I am trying to find a link using regexp which appears just before textABCXYZ123 string in below HTML .

lorem ispum...<strong><a href="http://www.site.com/link/123">FIRSTlink</a> </strong><br>
1 points| Saved Jan 08, 2014 at 00:49 <span class=notes_box>ANOTHERLINK</span>.
... more text........... more text........
... more text.......<strong><a href="http://www.site.com/link/123">other link</a> </strong><br>
1 points| Saved Jan 08, 2014 at 00:49 <span class=notes_box>ANOTHERLINK</span>.
... more text........... more text........
<strong><a href="http://www.IneedThis.com/link/123">somewhere to go</a> </strong><br>
1 points| Saved Jan 08, 2014 at 00:49 <span class=notes_box>textABCXYZ123</span>
...
... more text..........<strong><a href="http://www.site.com/link/123">other link</a> </strong><br>
1 points| Saved Jan 08, 2014 at 00:49 <span class=notes_box>ANOTHERLINK</span>.
... more text........... more text........

There are many links and I need to capture the link which appears just before textABCXYZ123 string. i tried below regex but it is returning me first link instead of last one:

$find_string = 'ABCXYZ123';
preg_match('#href="(.*)".*text'.$find_string.'#sU',$html,$match);
// so final resutl is "http://www.site.com/link/123" which is first link

Can someone guide me how can I capture that link just before my string textABCXYZ123? P.S I know about xpath and simple html dom but I would like to match with regexp. Thanks for any input.

user969068
  • 2,818
  • 5
  • 33
  • 64
  • You may want to have a look at this http://stackoverflow.com/questions/13618077/php-regex-to-match-the-last-occurrence-of-a-string for finding the last occurrence. – Braunson Jan 08 '14 at 17:02

2 Answers2

2

You could maybe try the regex:

href="([^"]*)">(?=(?:(?!href).)*textABCXYZ123)

Like so?

$find_string = 'ABCXYZ123';
preg_match('~href="([^"]*)">(?=(?:(?!href).)*text'.$find_string.')~sU',$html,$match);

regex101 demo


The first part is href="([^"]*)"> and shouldn't be too hard to understand.

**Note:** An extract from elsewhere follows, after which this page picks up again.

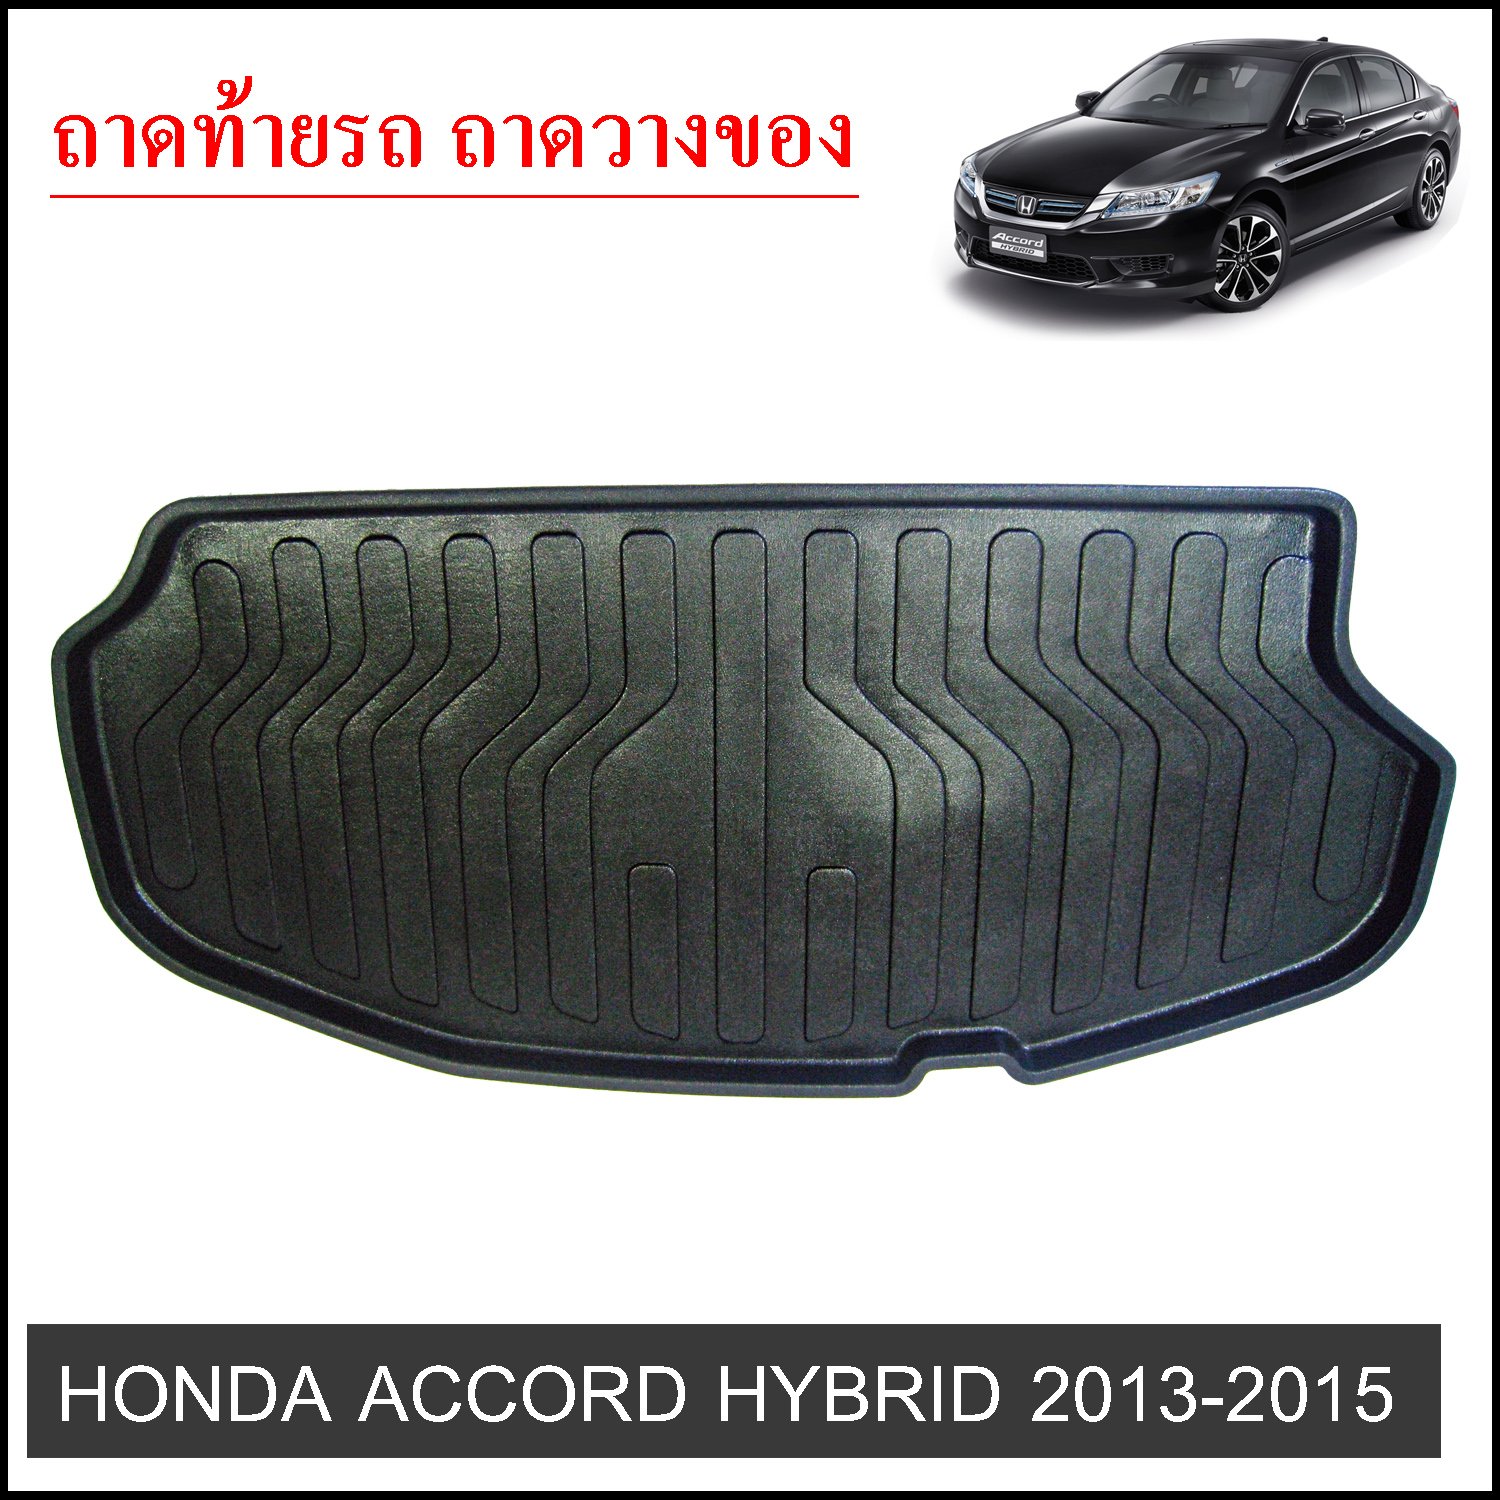 Honda Accord 2013-2015 HYBRID
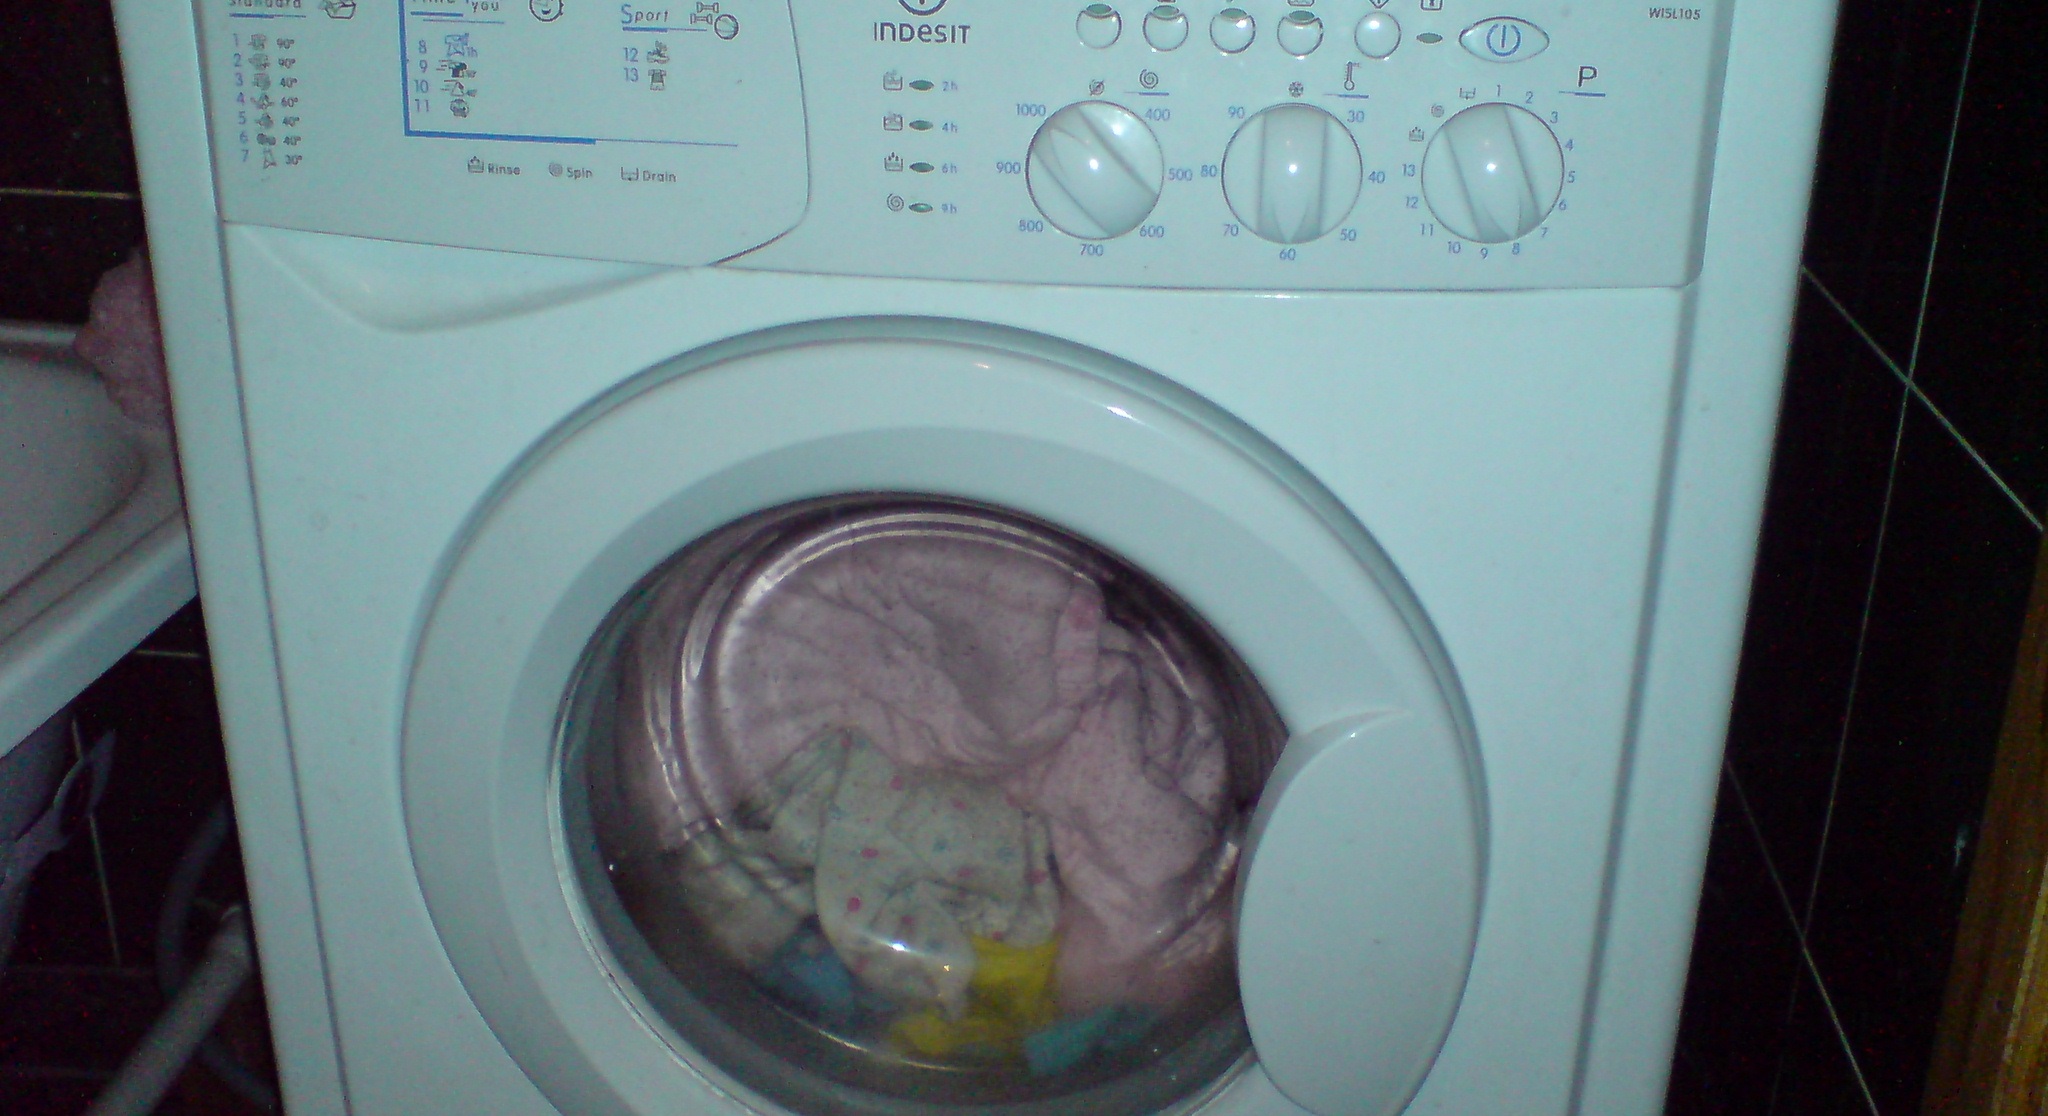 v pračce je příliš mnoho prádla

It matches href=" and then any number of non-quote characters, followed by quotes and >.

(?=(?:(?!href).)*textABCXYZ123) first is a positive lookahead. (A positive lookahead has the format (?= ... )) It will make sure that there is what's inside to say that there is a match.

For instance, a(?=.*b) matches any a, as long as there is any characters, then a b somewhere after the a (also means it matches a as long as there's a b somewhere after it).

So, href="([^"]*)"> will match only if there is (?:(?!href).)*textABCXYZ123 somewhere ahead.

(?:(?!href).)* is a modified .*, because the negative lookahead (format (?! ... )) makes sure no href is matched. You could say it's the opposite of a positive lookahead:

a(?!.*b) matches any a as long as it is not followed by a b.

Jerry
  • 70,495
  • 13
  • 100
  • 144
  • Thank you very much, exactly how I wanted, Could you please explain a bit your pattern. I am very novice to regex and it will be a big help to learn. Thanks again. – user969068 Jan 08 '14 at 17:05
  • @user969068 Added some more explanation. Hopefully, that's not too difficult to understand :) – Jerry Jan 08 '14 at 17:10
  • Thanks a lot for your efforts. Much useful. Cant thank enough...Best Regards – user969068 Jan 08 '14 at 17:15
1
(?s)href=[^<]+</a>(?!.*(href).*(textABCXYZ123))(?=.*(textABCXYZ123))

Could also try this, let me know if you want an explantation

Srb1313711
  • 2,017
  • 5
  • 24
  • 35